### Exercise instructions:
Drop every picture, then print the rest of the listing exactly as given.

### Collected data:
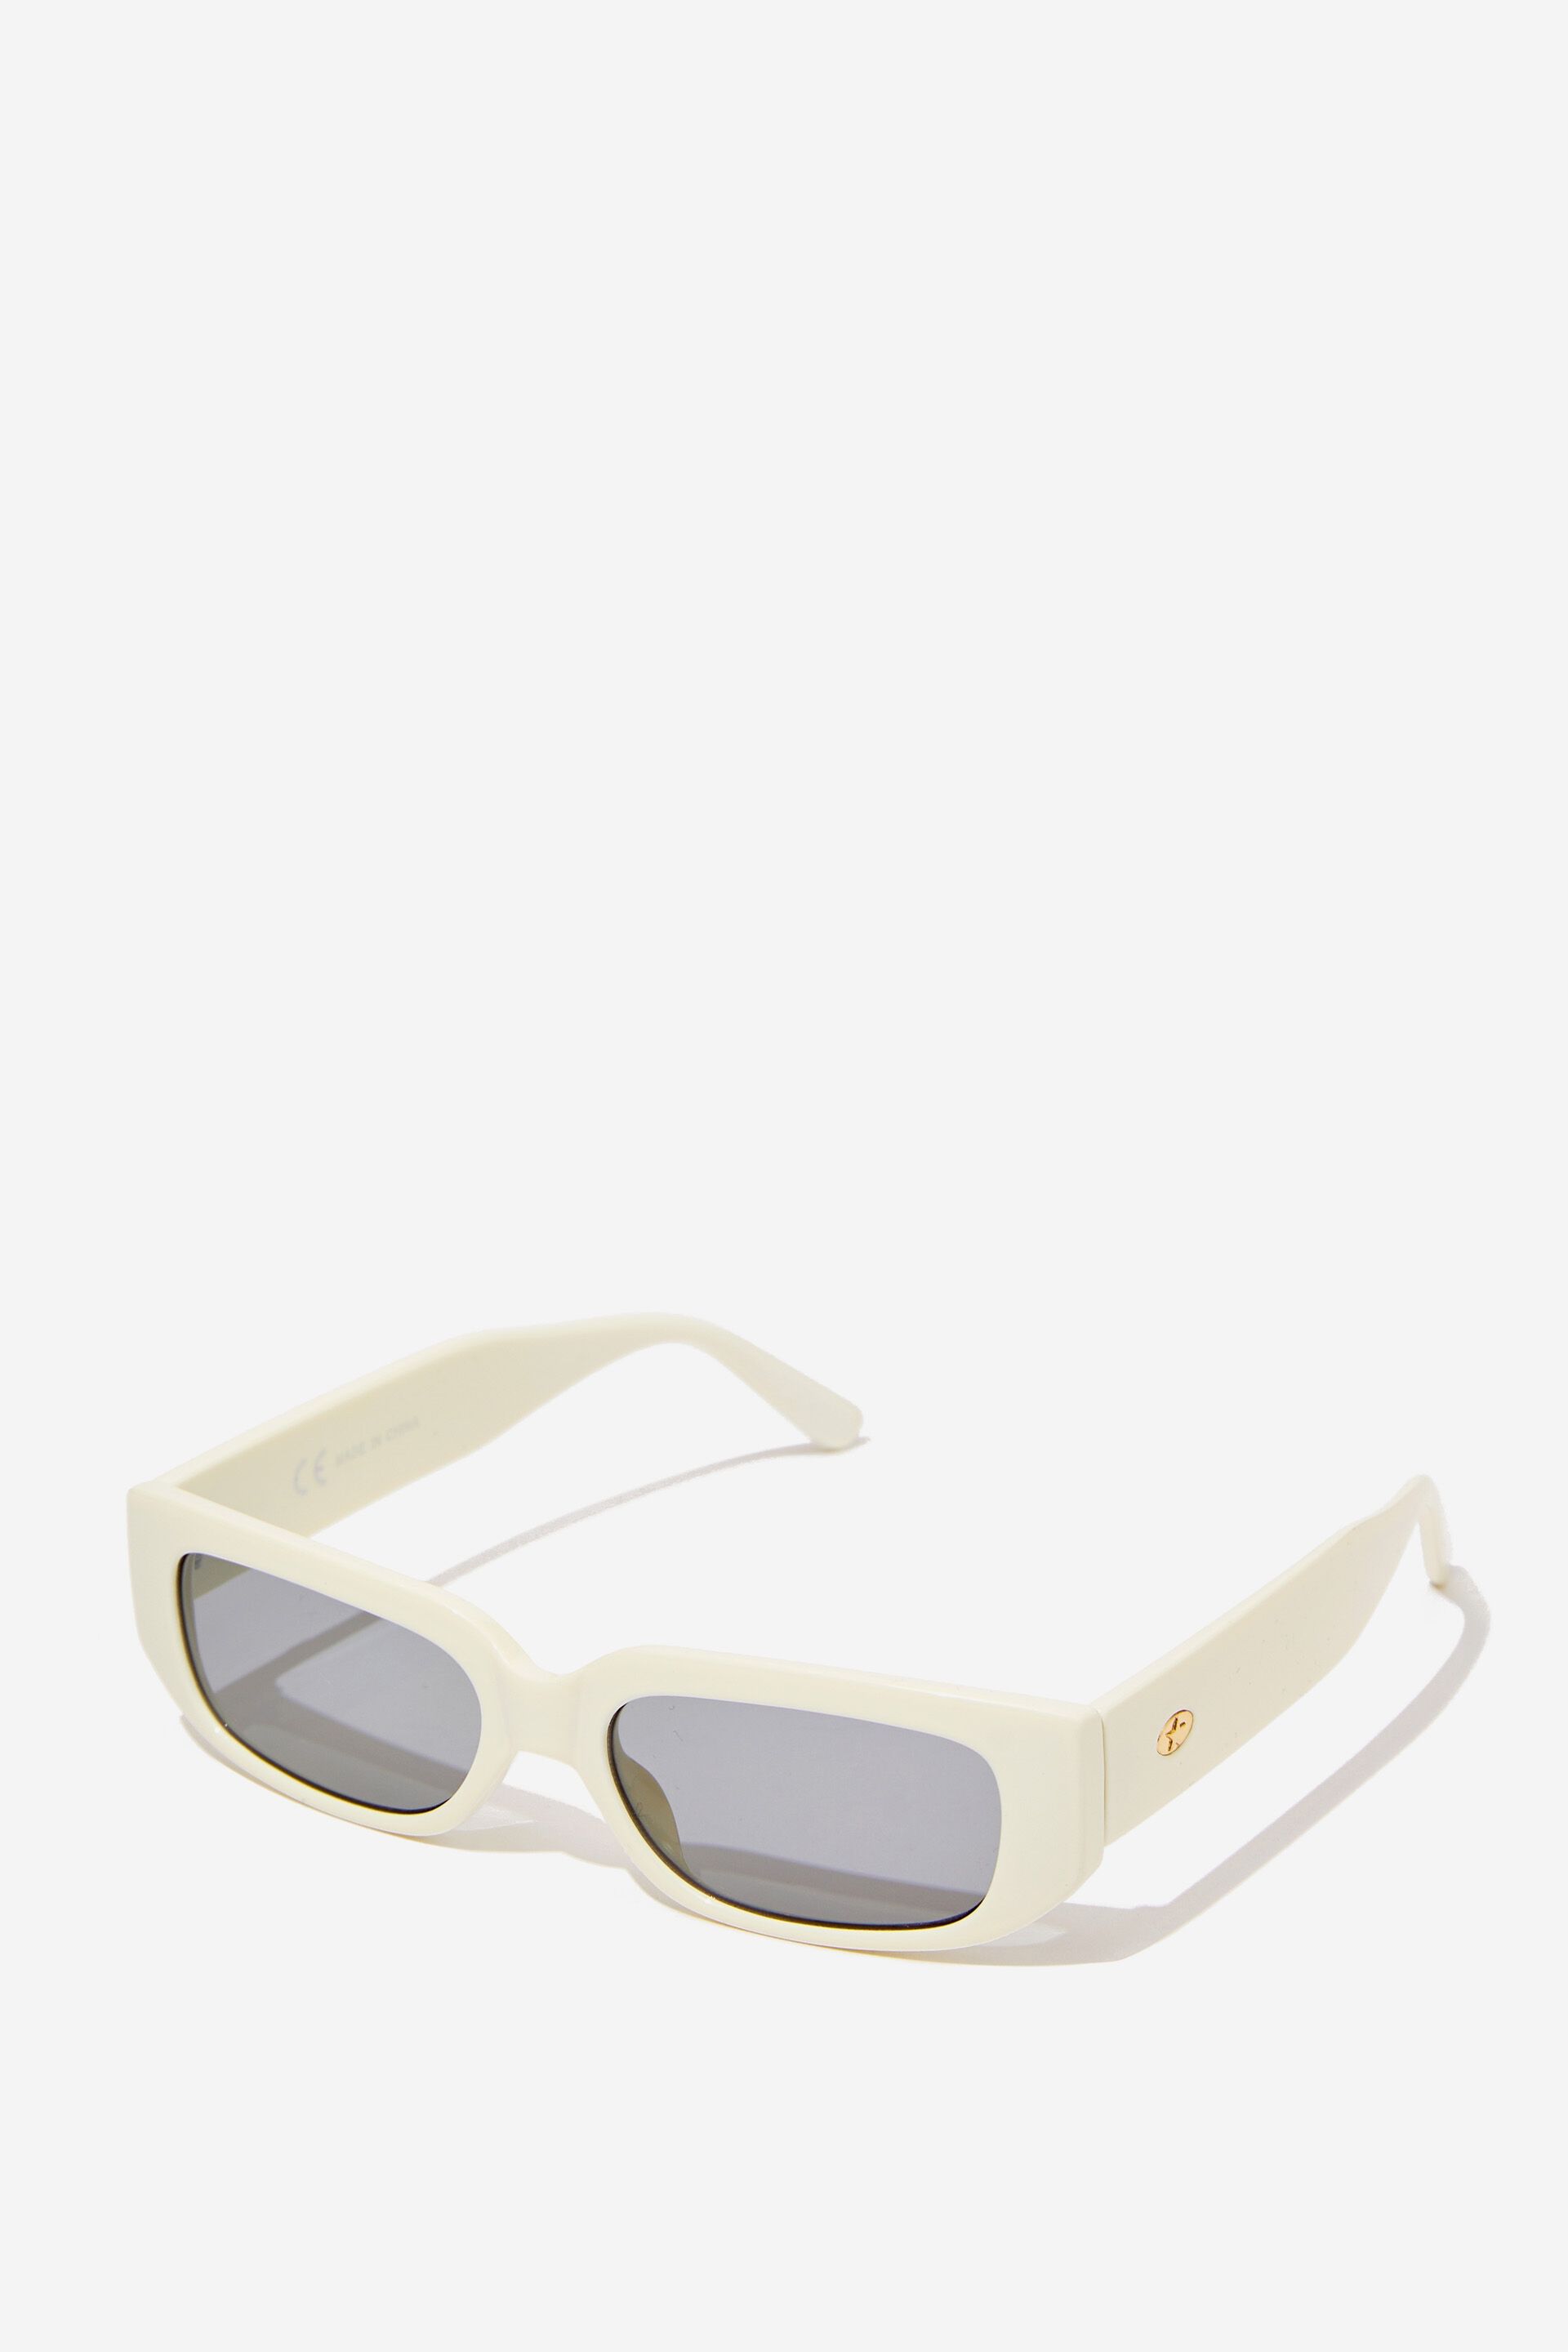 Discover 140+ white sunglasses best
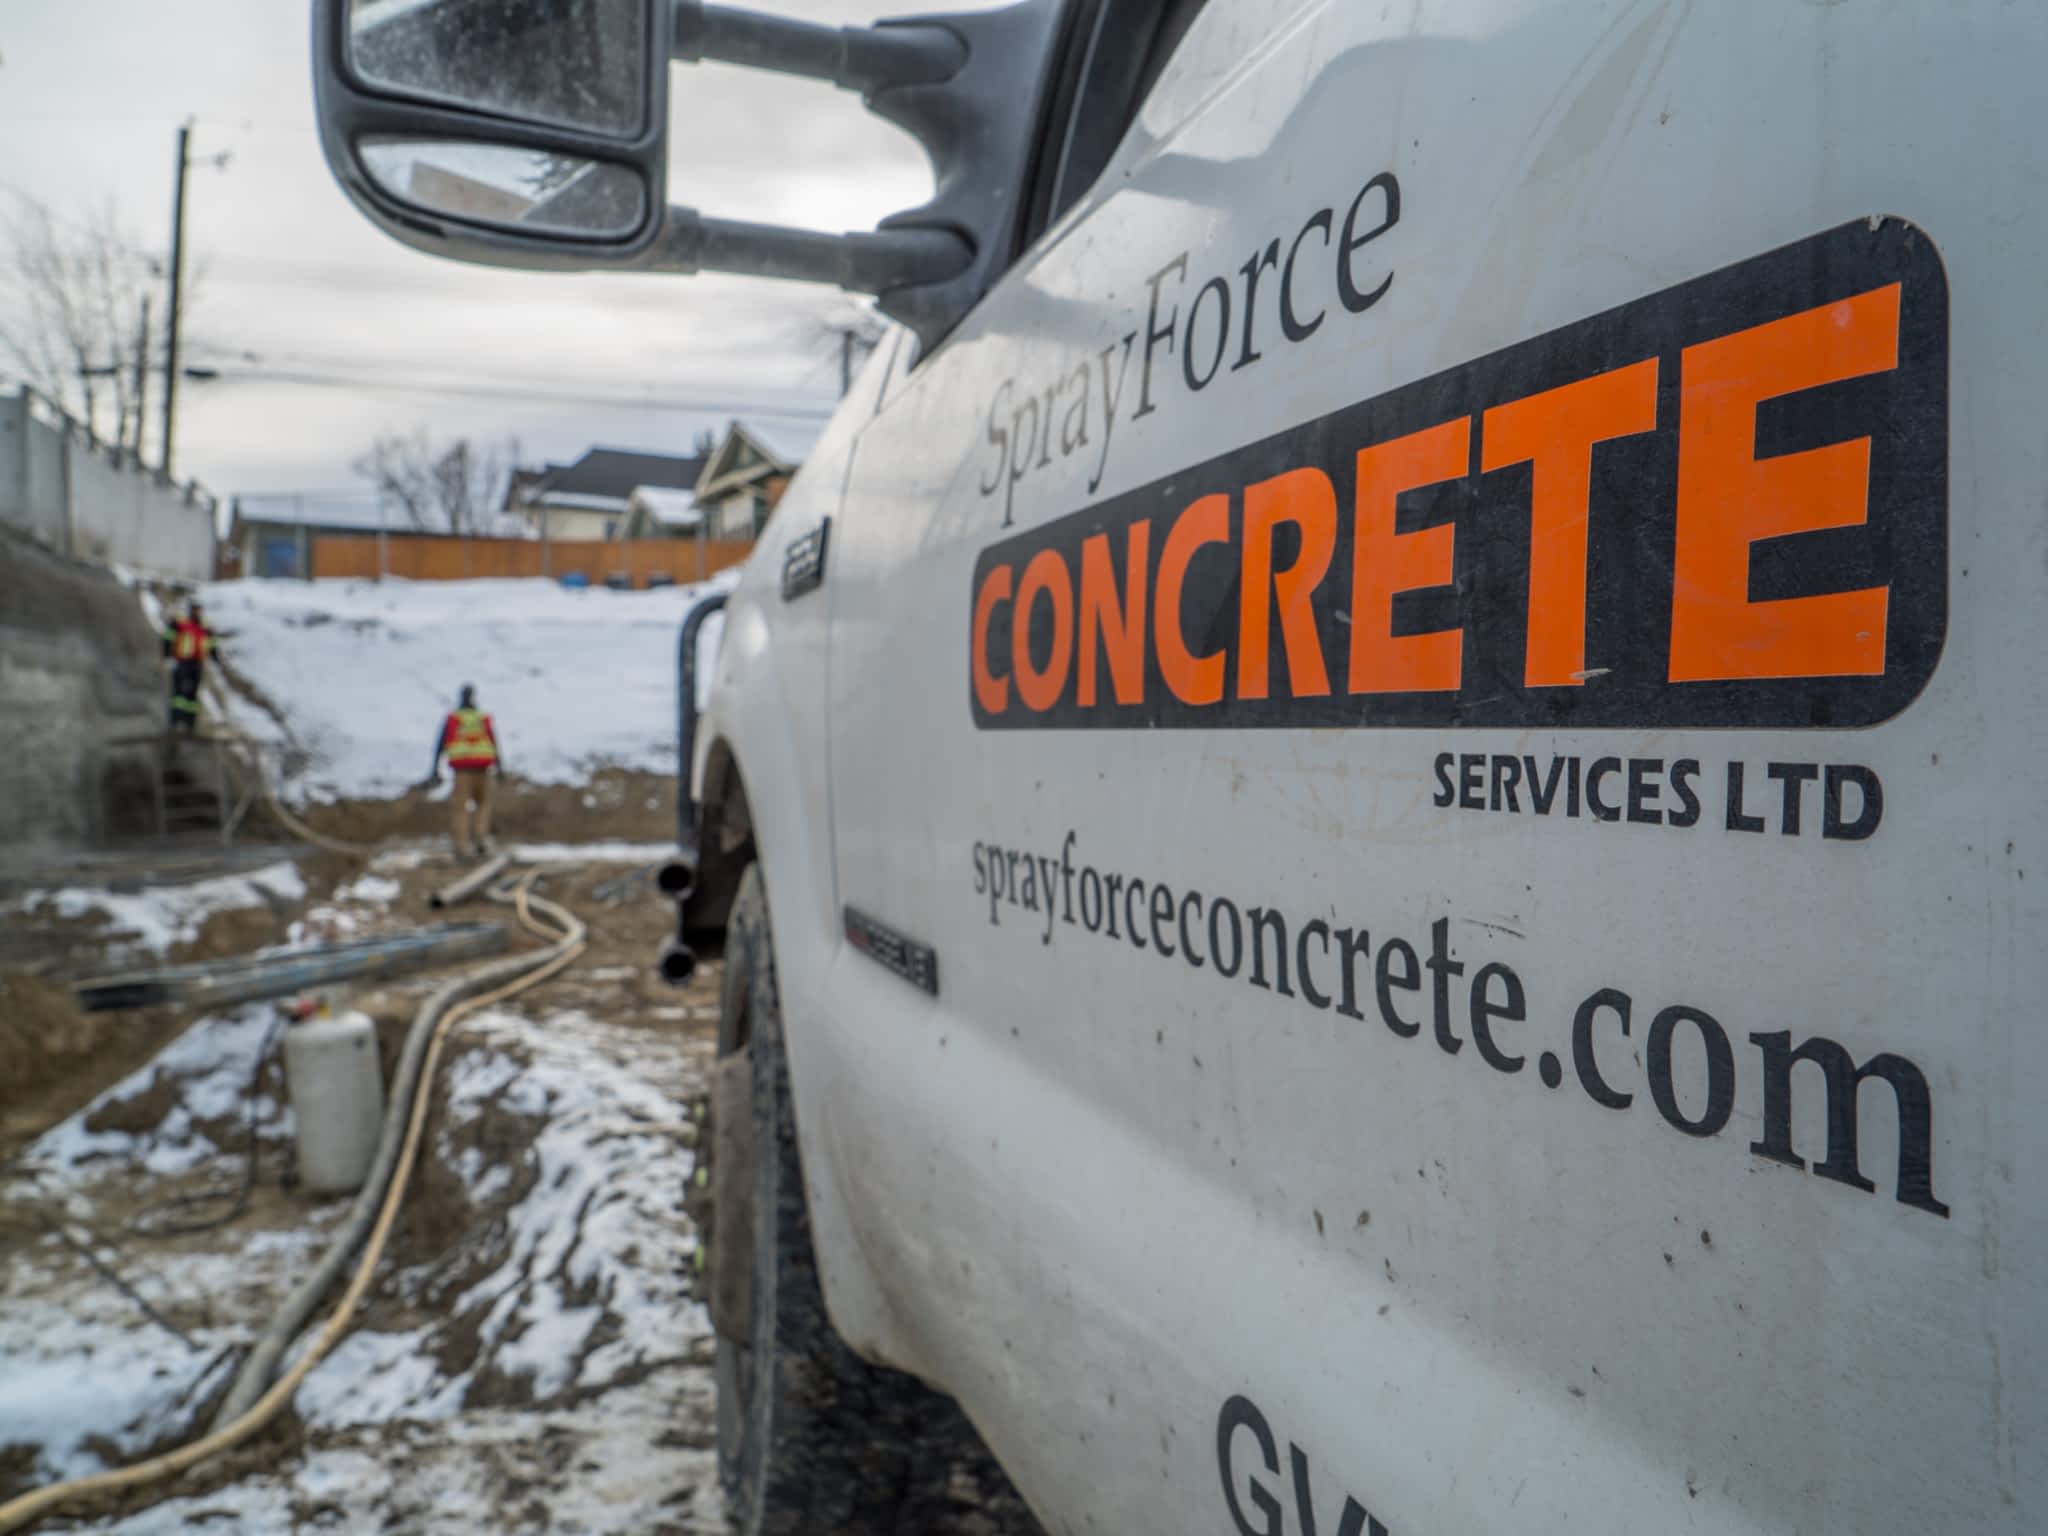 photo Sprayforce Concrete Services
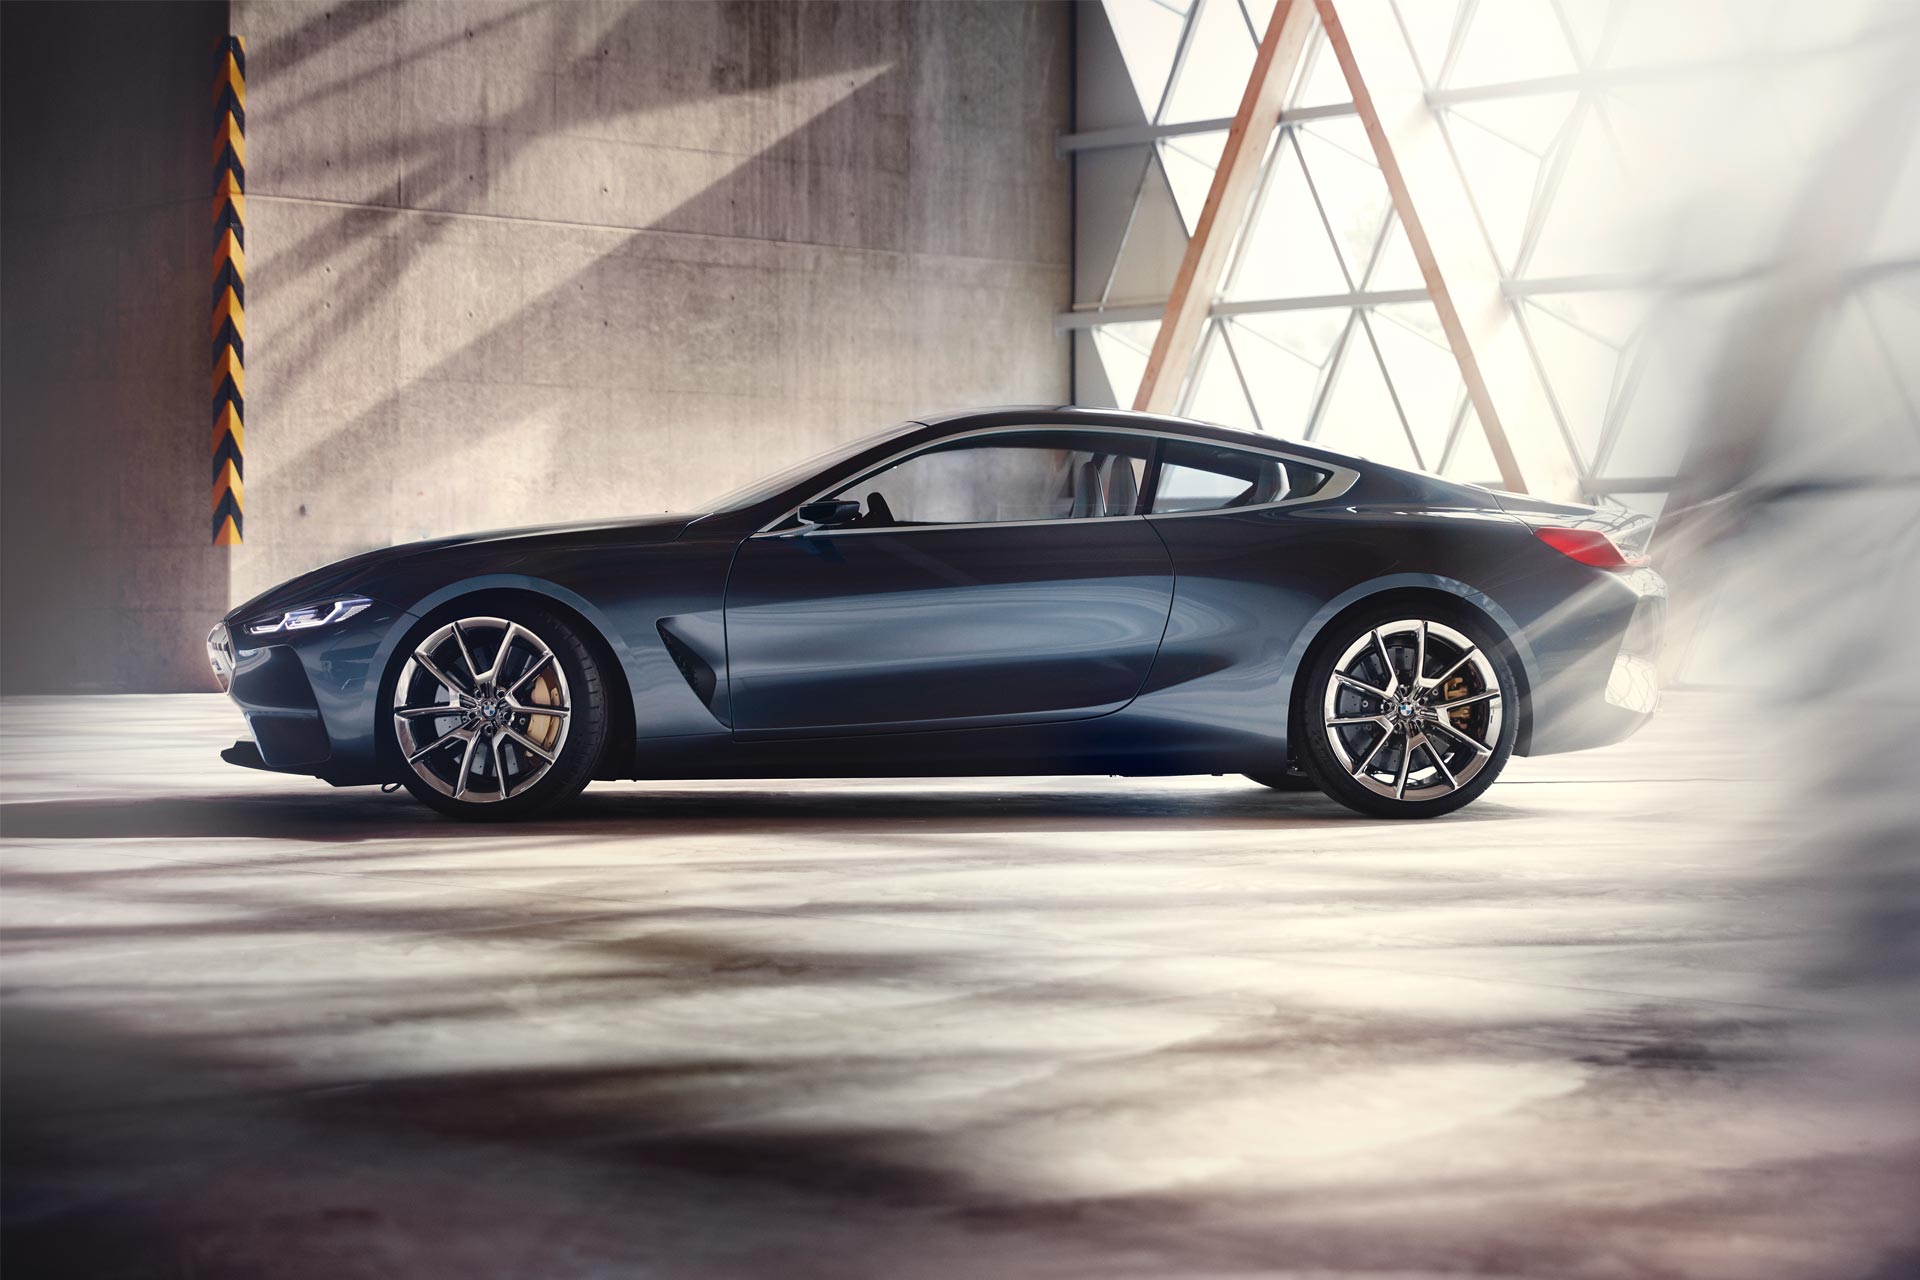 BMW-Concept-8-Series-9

### Answer below:
 Discover 140+ white sunglasses best
 photo Sprayforce Concrete Services
 BMW-Concept-8-Series-9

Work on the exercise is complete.